Exercise prompt -> Work through the listing below and give again exactly the lines from the one with "Burberry Burberry REVERSIBLE" to the one with "Totes bags Michael", both ends included. All other lines and all pictures stay out.

Supplied entries ->
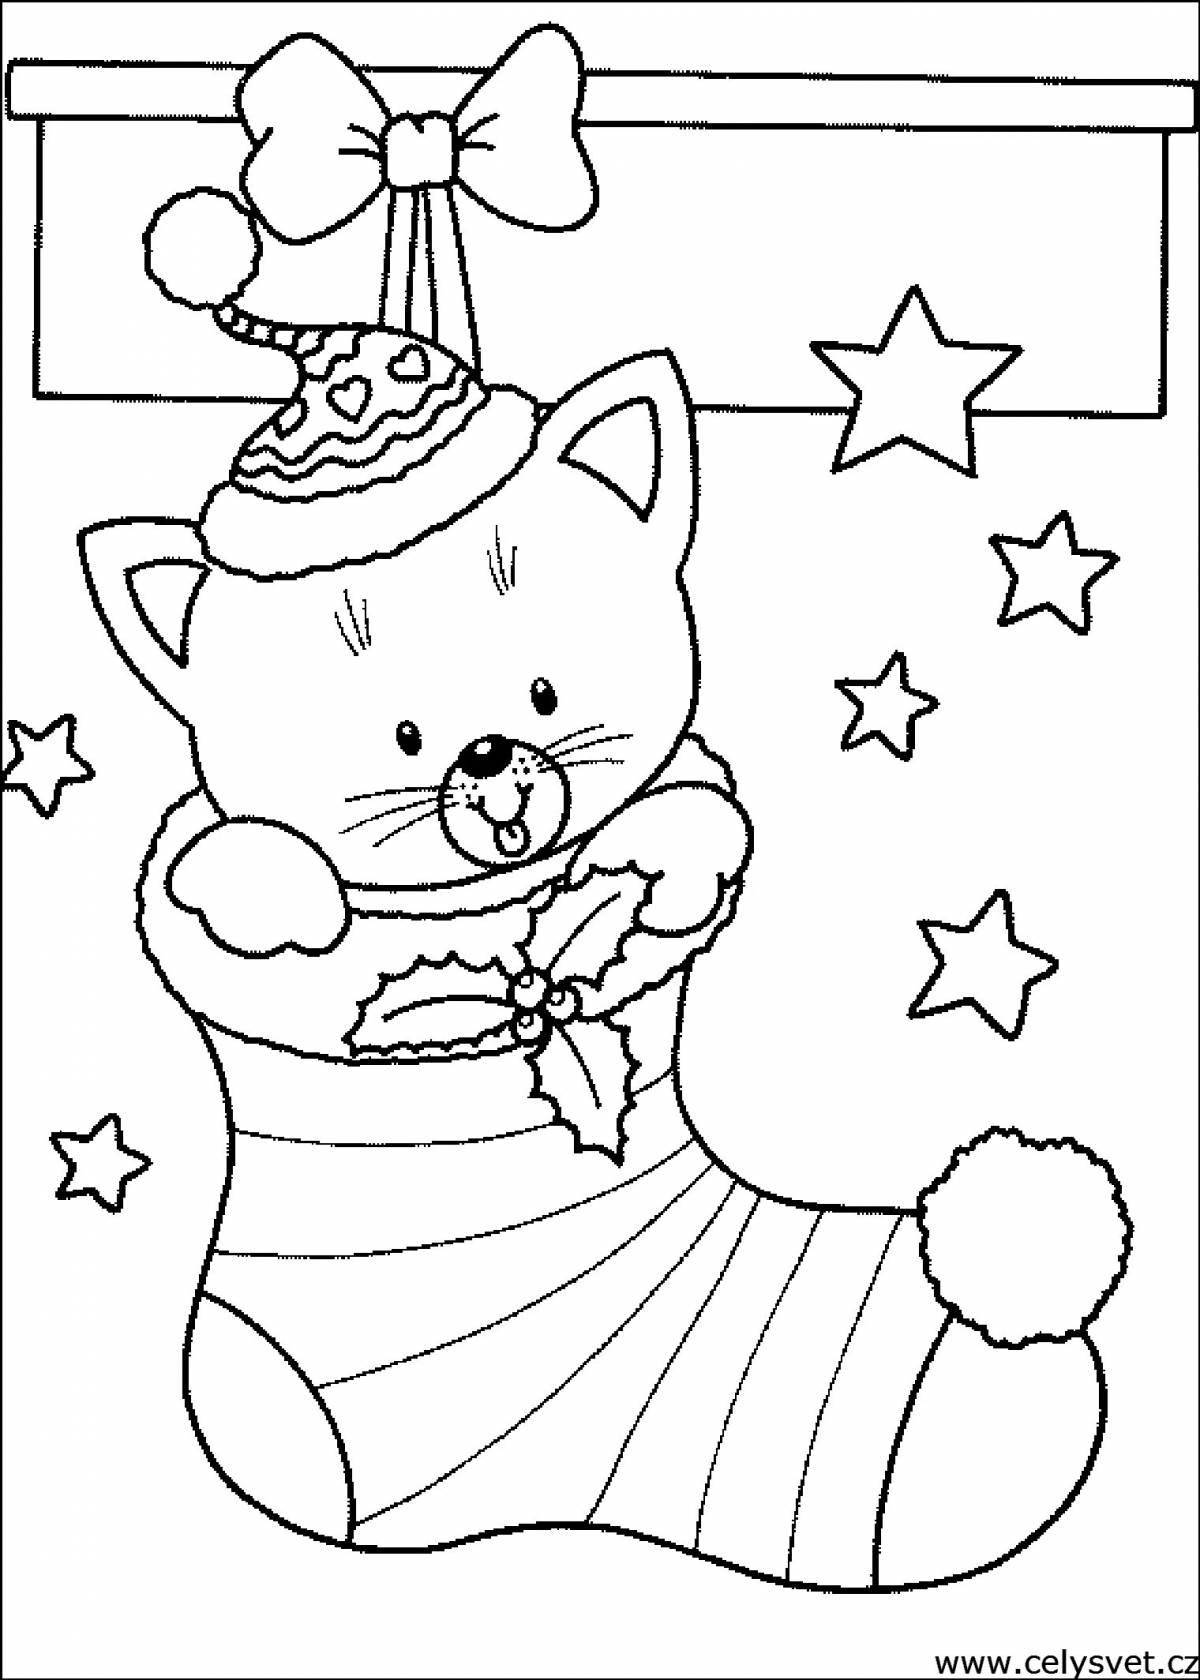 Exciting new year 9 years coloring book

...

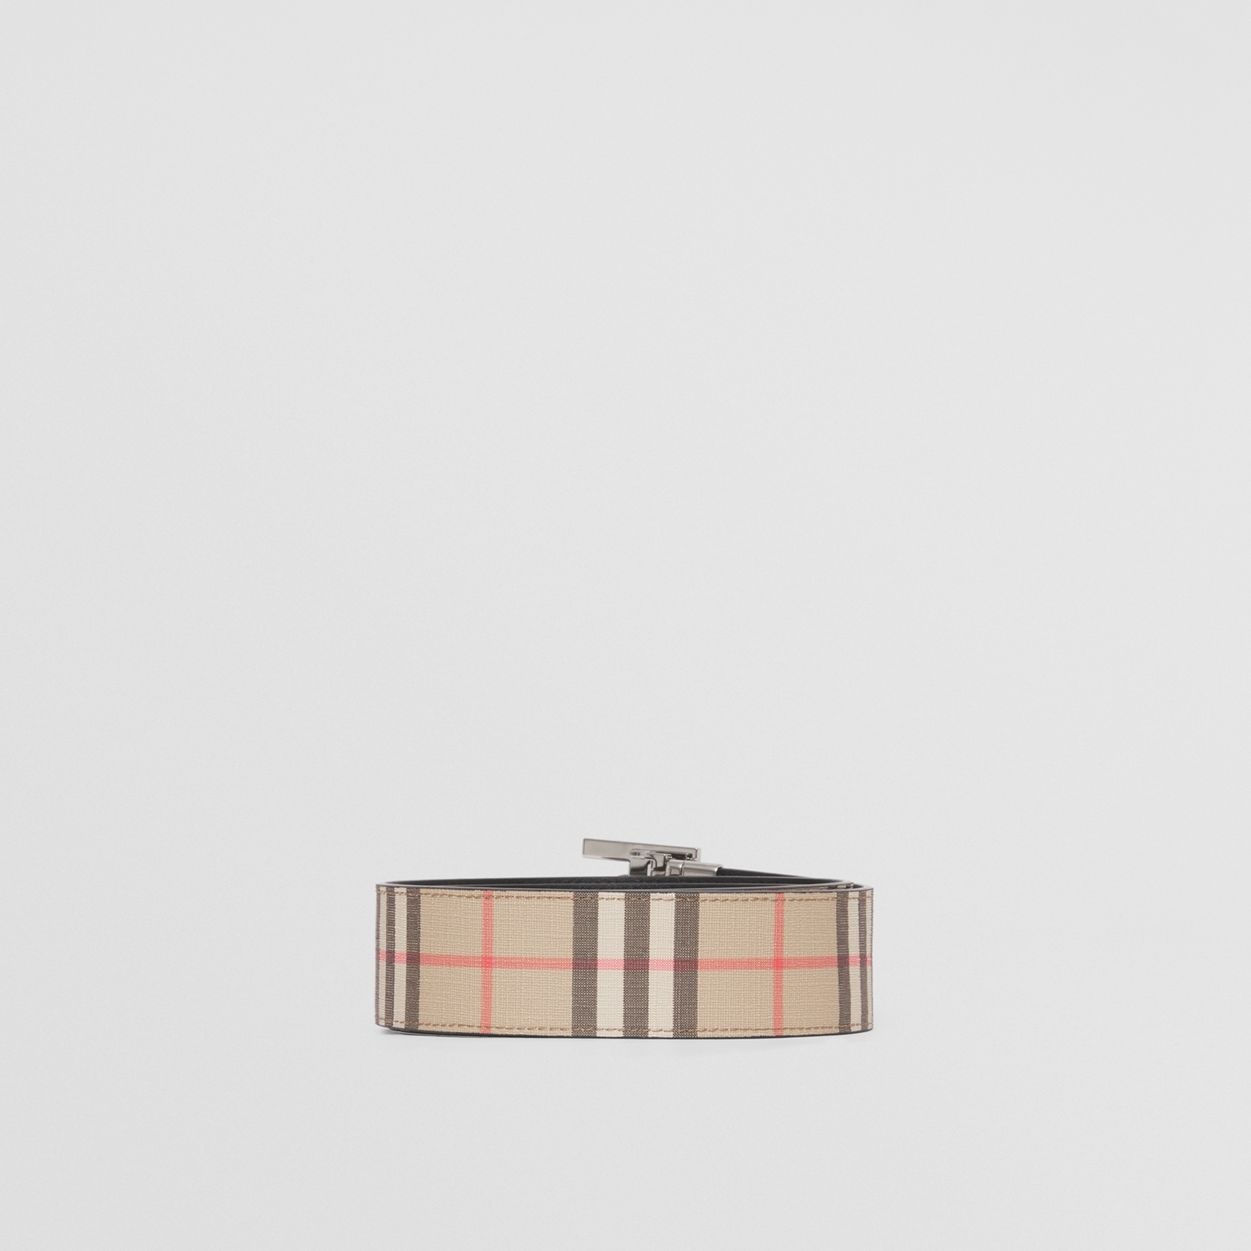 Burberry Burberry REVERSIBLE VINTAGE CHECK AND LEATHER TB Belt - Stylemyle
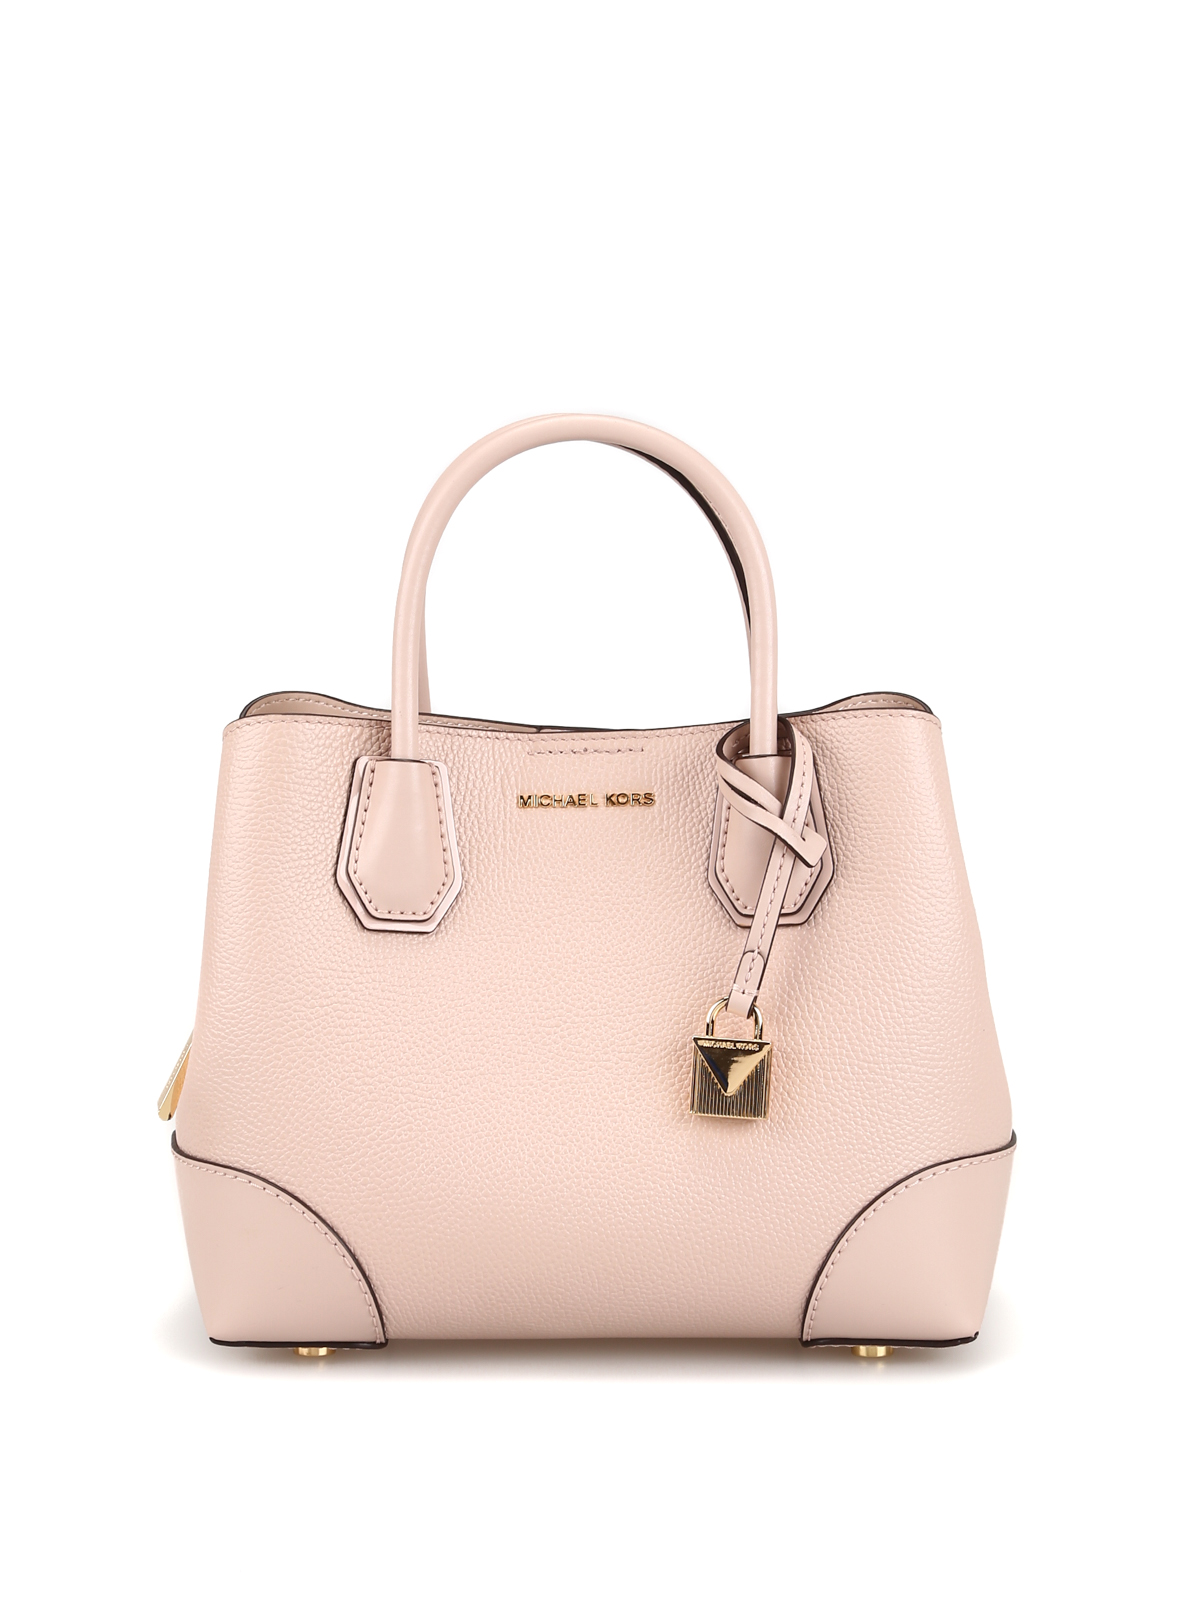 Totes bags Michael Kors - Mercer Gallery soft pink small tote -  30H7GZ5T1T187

* * *

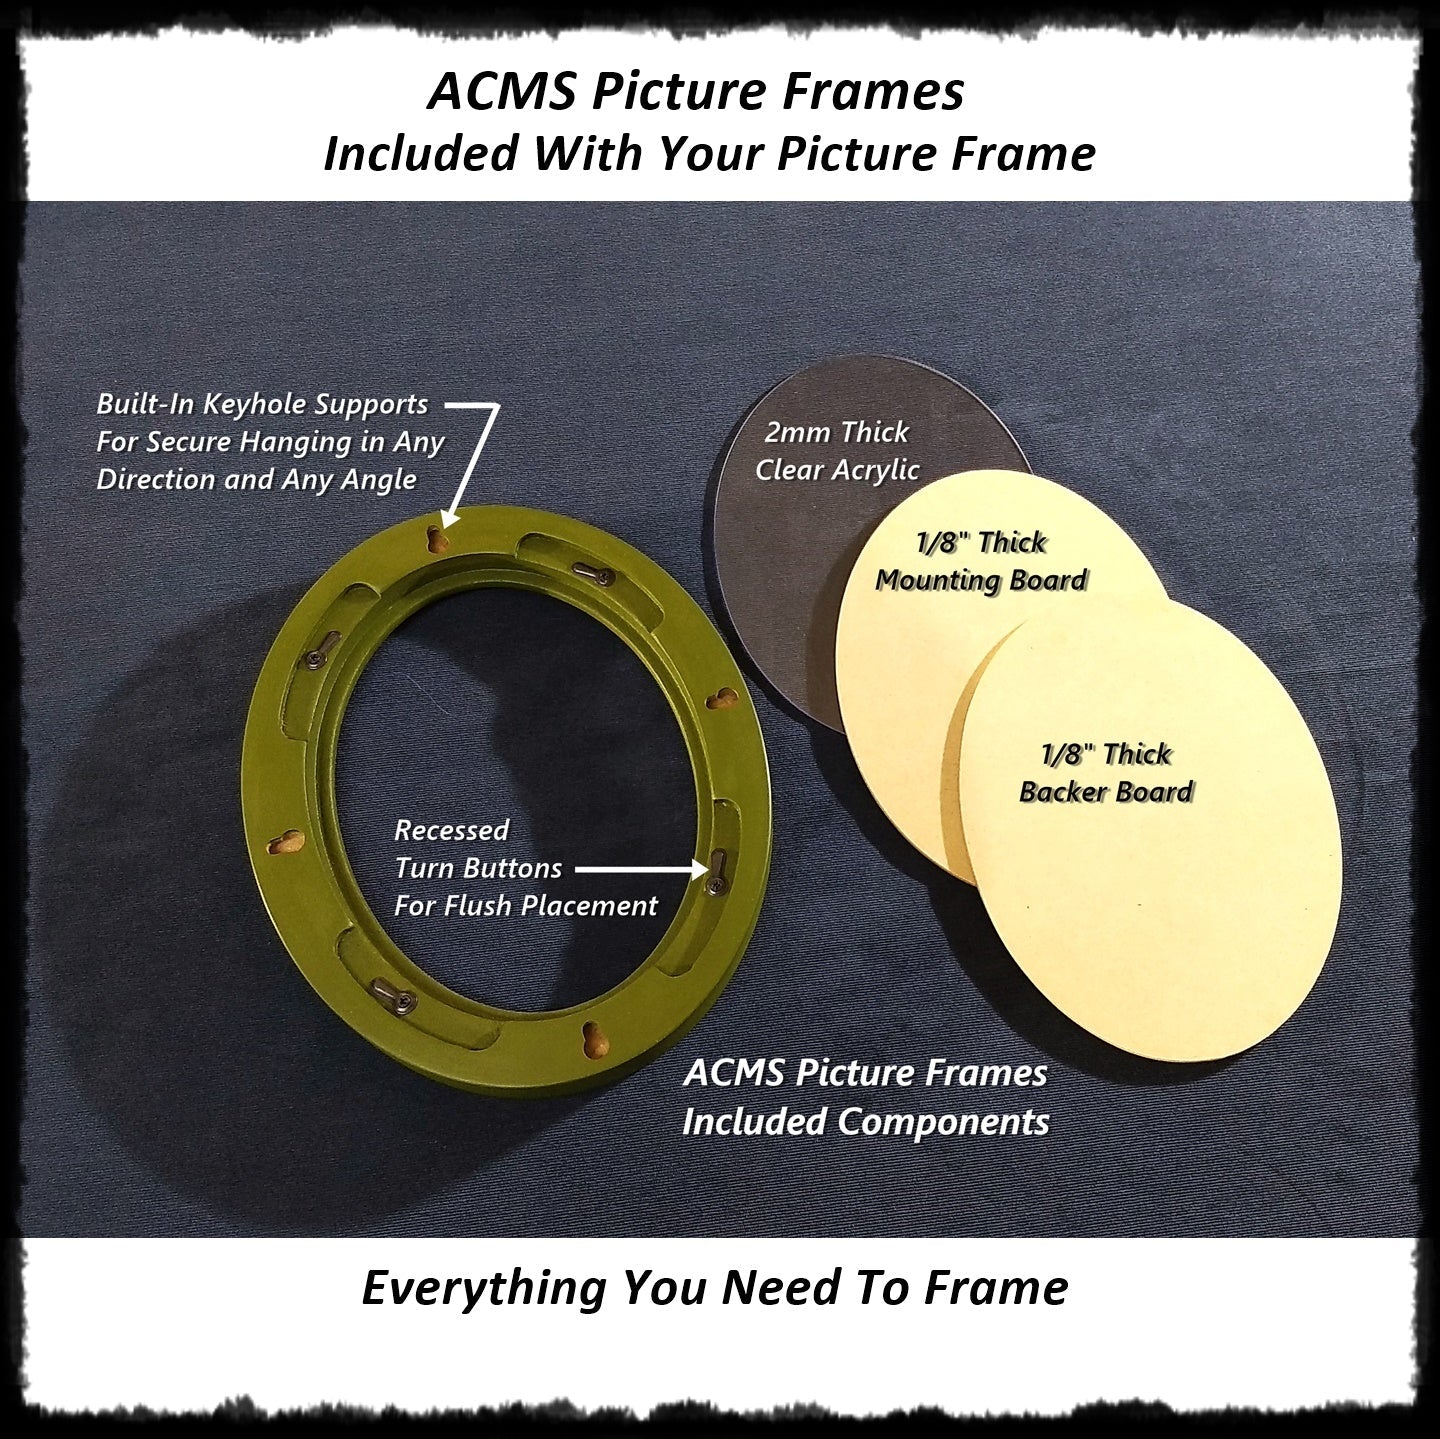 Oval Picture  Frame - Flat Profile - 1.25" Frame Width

Result of the task ->
 Burberry Burberry REVERSIBLE VINTAGE CHECK AND LEATHER TB Belt - Stylemyle
 Totes bags Michael Kors - Mercer Gallery soft pink small tote -  30H7GZ5T1T187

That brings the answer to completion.